A step of suppling a source gas and a reactant 200: In the step 200, a source gas and a reactant may be supplied to the substrate loaded to the reactor. The source gas and the reactant may be supplied simultaneously, but not react chemically each other. But in the next step 300 as described later the activated reactant may react chemically with the source gas and form a compound on the substrate. Therefore, in the step 200 the reactant may act as a reactive purge gas. The source gas supplied may be adsorbed on the substrate. In another embodiment, the source gas and the reactant may be supplied sequentially and alternately, not supplying simultaneously. The source gas may comprise a silicon-containing precursor and the reactant may comprise an oxygen-containing precursor.
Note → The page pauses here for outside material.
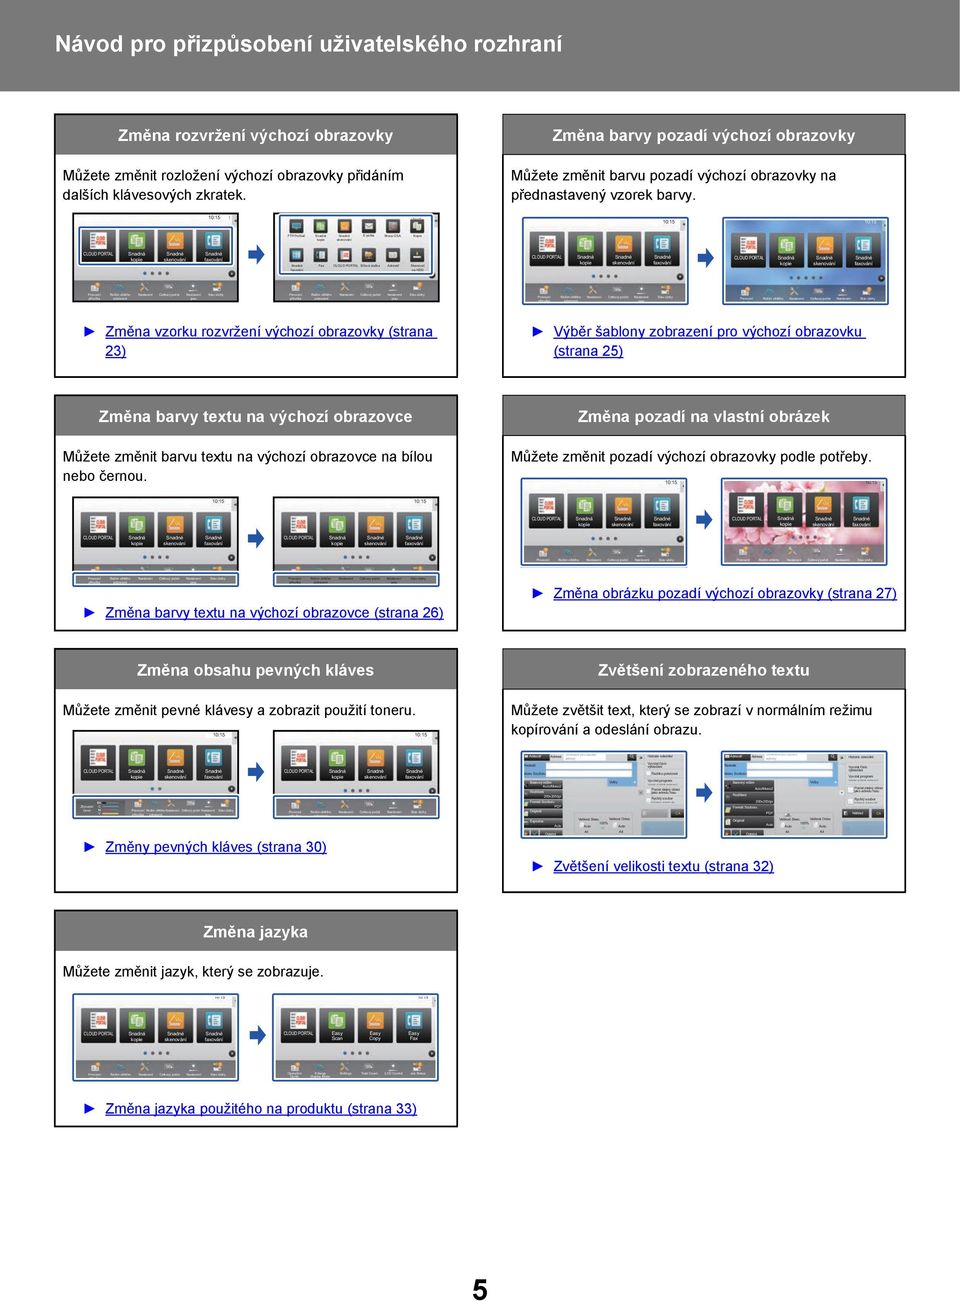 FTP/Počítač E-pošta Sharp OSA Kopie Fax Síťová složka Adresář Skenovat na HDD Změna vzorku rozvržení výchozí obrazovky (strana ) Výběr šablony pro výchozí obrazovku (strana 5) Změna barvy textu na

A step of activating a reactant 300: In the step 300, a reactant may be continuously supplied to the reaction space and activated by applying an energy to at least one of the upper electrode and the lower electrode forming the reaction space. The applied energy may be from at least one of direct plasma, remote plasma, neutral beam, UV and any other external energy source corresponding to them. The activated reactant may react chemically with the source gas adsorbed on the substrate and form a compound thereon. In an embodiment, the compound formed on the substrate may be an insulating film, e.g. silicon oxide (SiO₂). The step of supplying a reactant and a reactant 200 and a step of activating a reactant 300 may be referred to as a step of forming a film.

A step of supplying inhibitors 400 and a step of activating the inhibitors 500: In the steps 400 and 500, the inhibitors may be supplied continuously to the substrate and activated. To activate the inhibitors, at least one of direct plasma, remote plasma, neutral beam, UV and any other external energy source may be applied to the reactor. The activated inhibitors may remove the reaction activation sites (e.g. hydroxyl groups such as OH—), from the surface of the compound formed on the substrate. The step of supplying inhibitors 400 and the step of activating the inhibitors 500 may be referred to as a step of inhibiting.

The aforementioned reaction activation sites may react with the source gas supplied during the next cycle and enable a film to be formed and grow. For instance, the activated oxygen gas may be supplied to the silicon source gas adsorbed on the substrate and a silicon oxide film may be formed. During formation of a silicon oxide film, the reaction activation sites (e.g. hydroxyl groups such as OH—) may be formed on the surface of the silicon oxide film. The reaction activation sites may react chemically with the silicon source gas supplied in the next cycle, form a silicon-oxygen-silicon (Si—O—Si) bonding bridge structure and promote the film to continue to grow.

The inhibitors may react with the hydrogen comprising the reaction activation sites and inhibit the film from being formed thereon. In the disclosure, a plurality of inhibitors, for instance, at least more than two inhibitors may be supplied to further enhance the capabilities to remove the reaction activation sites and inhibit the formation of the film. In an embodiment of the disclosure, to further facilitate removing the hydroxyl groups (OH—) from the surface of the silicon oxide film, a nitrogen-containing gas as a first inhibitor and a hydrogen-containing gas as a second inhibitor may be supplied.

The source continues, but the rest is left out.